PROVIDED DATA
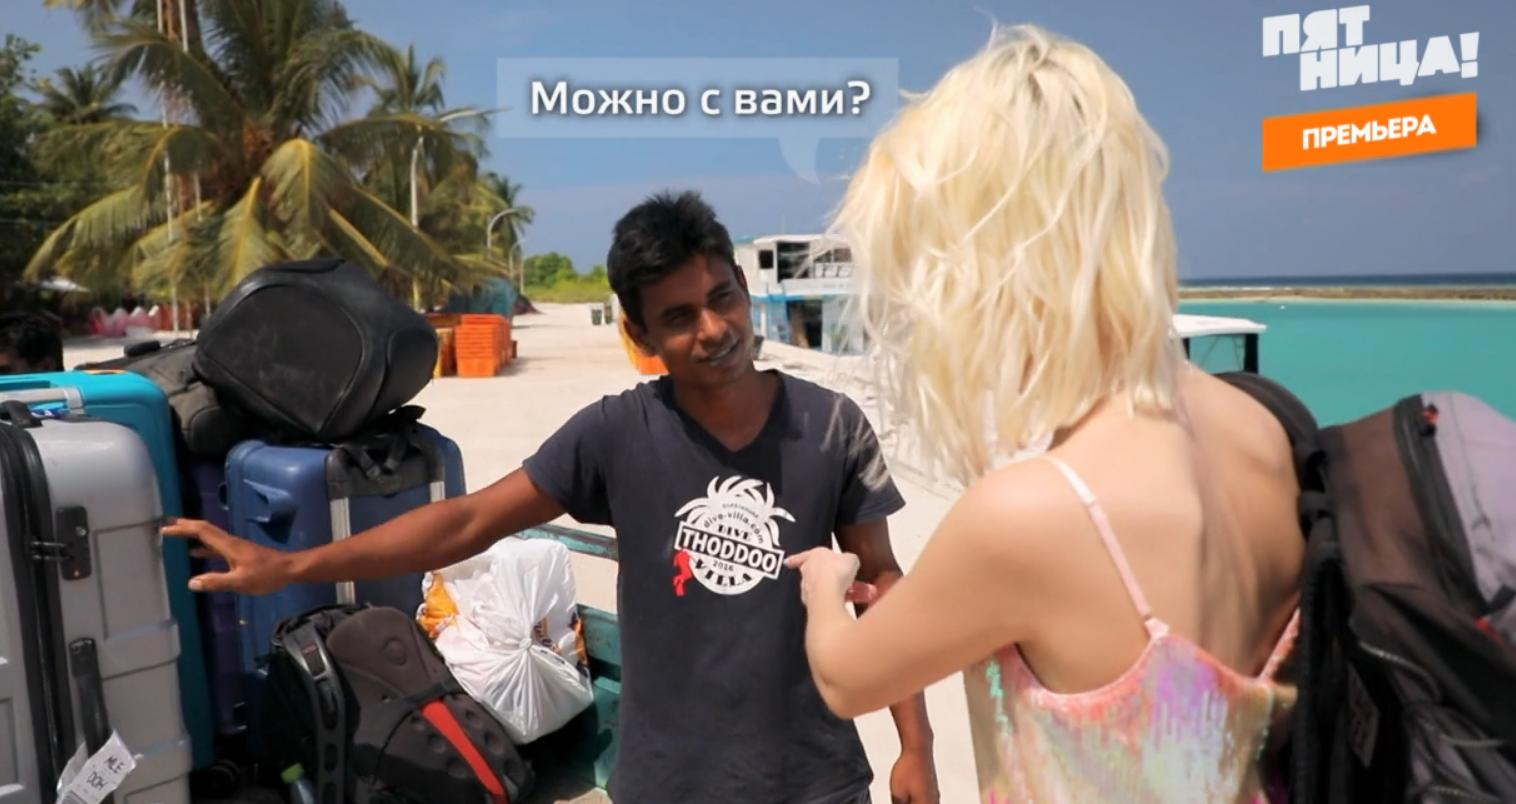 Maldives orel i reshka thoddoo dive villa guest house КОМАНДА ОРЕл И РЕШКА - ВЕДУЩАЯ КЛАВА КОКА
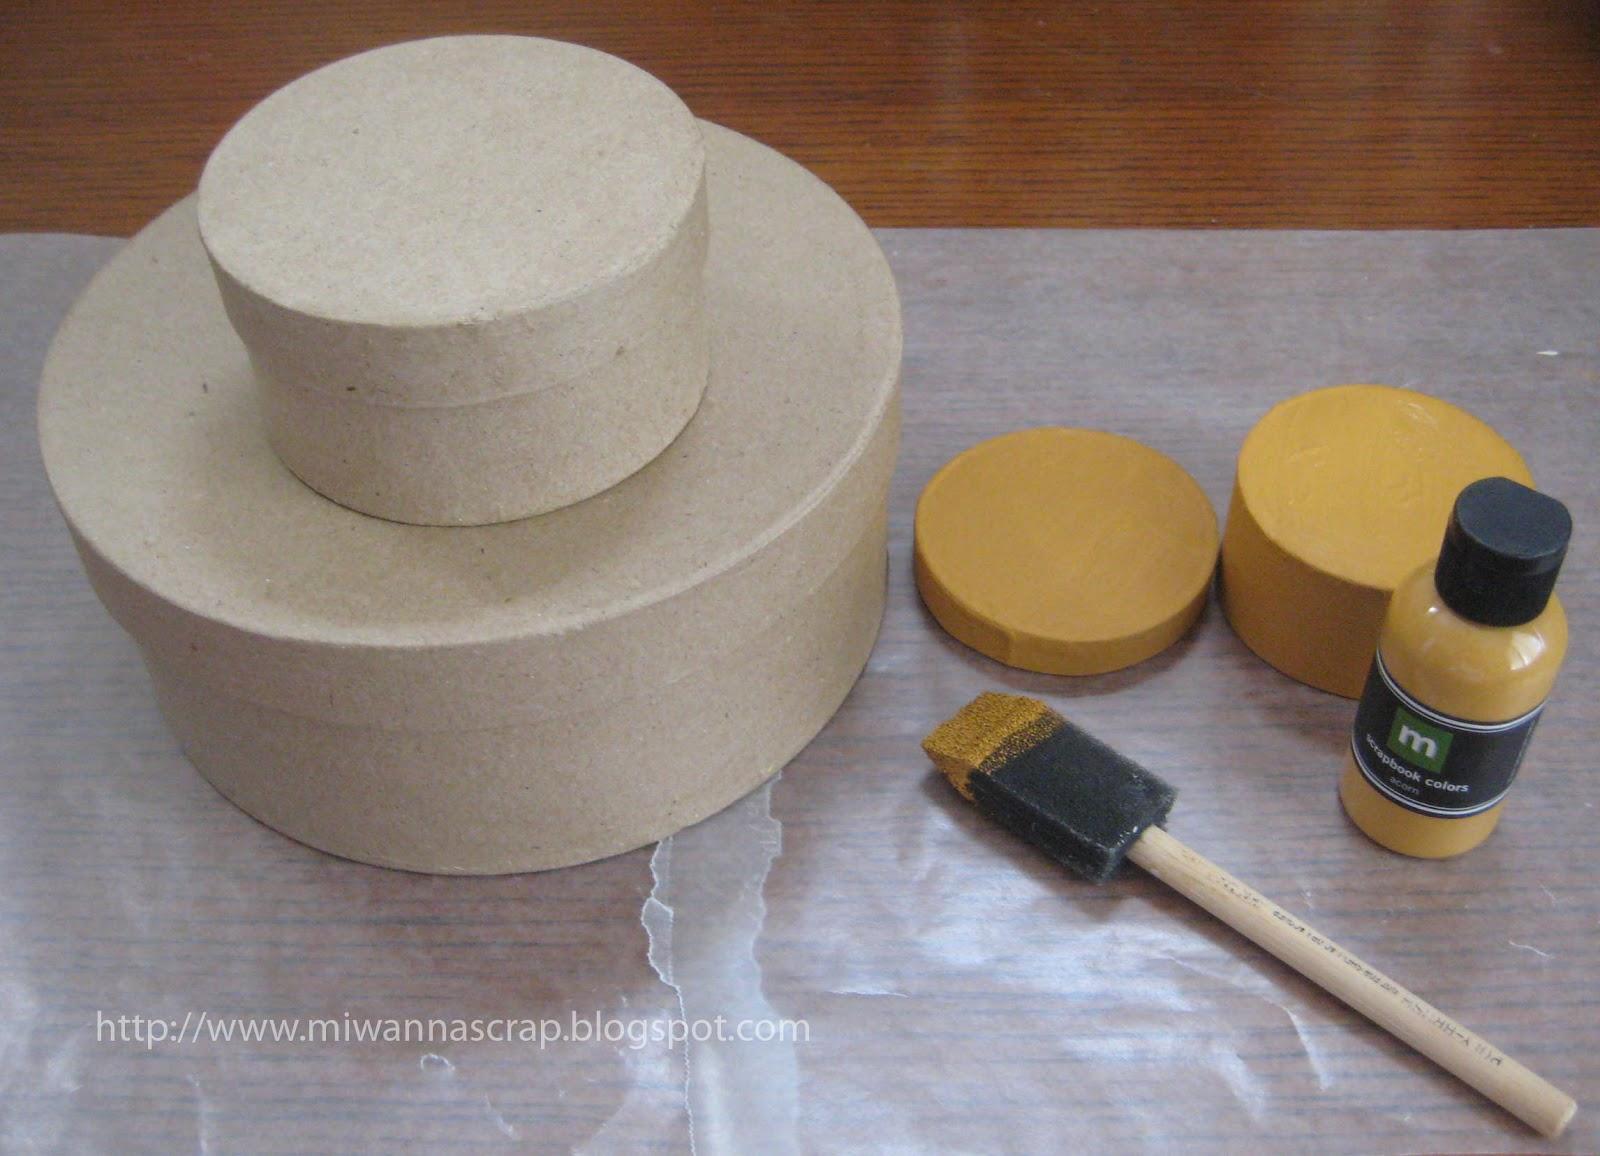 http://1.bp.blogspot.com/-RqK3LYr7Enc/UHiVZUeaoRI/AAAAAAAACFA/gW0PTe5f_bc/s1600/Step+1+-+Painting+the+Paper+Mache+Boxes.JPG
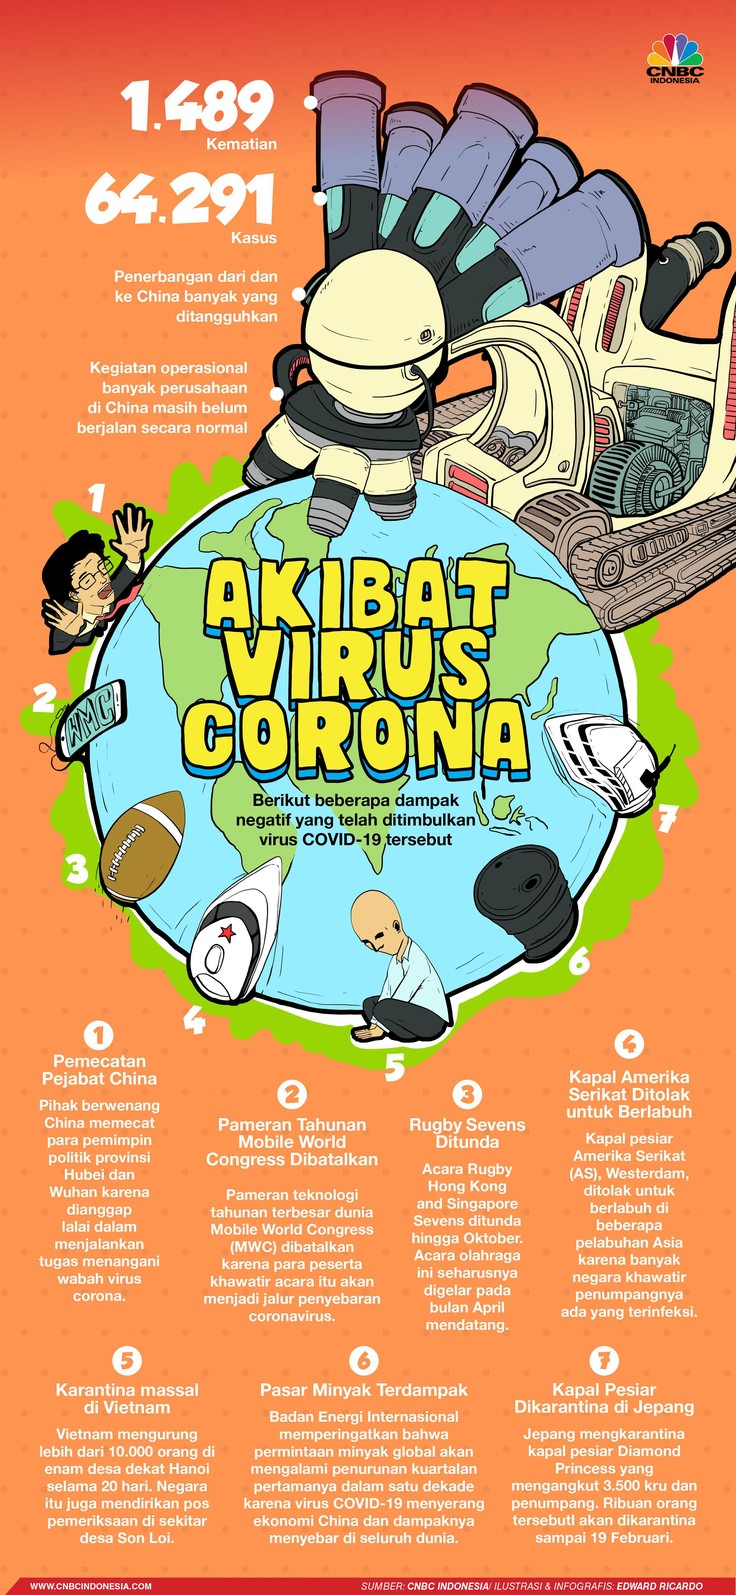 Fakta Mengejutkan Virus Corona Makan Korban Nyaris 1.500 Jiwa

TASK REQUIREMENTS
Output all the data above verbatim, leaving out images.

ANSWER SPACE
 Maldives orel i reshka thoddoo dive villa guest house КОМАНДА ОРЕл И РЕШКА - ВЕДУЩАЯ КЛАВА КОКА
 http://1.bp.blogspot.com/-RqK3LYr7Enc/UHiVZUeaoRI/AAAAAAAACFA/gW0PTe5f_bc/s1600/Step+1+-+Painting+the+Paper+Mache+Boxes.JPG
 Fakta Mengejutkan Virus Corona Makan Korban Nyaris 1.500 Jiwa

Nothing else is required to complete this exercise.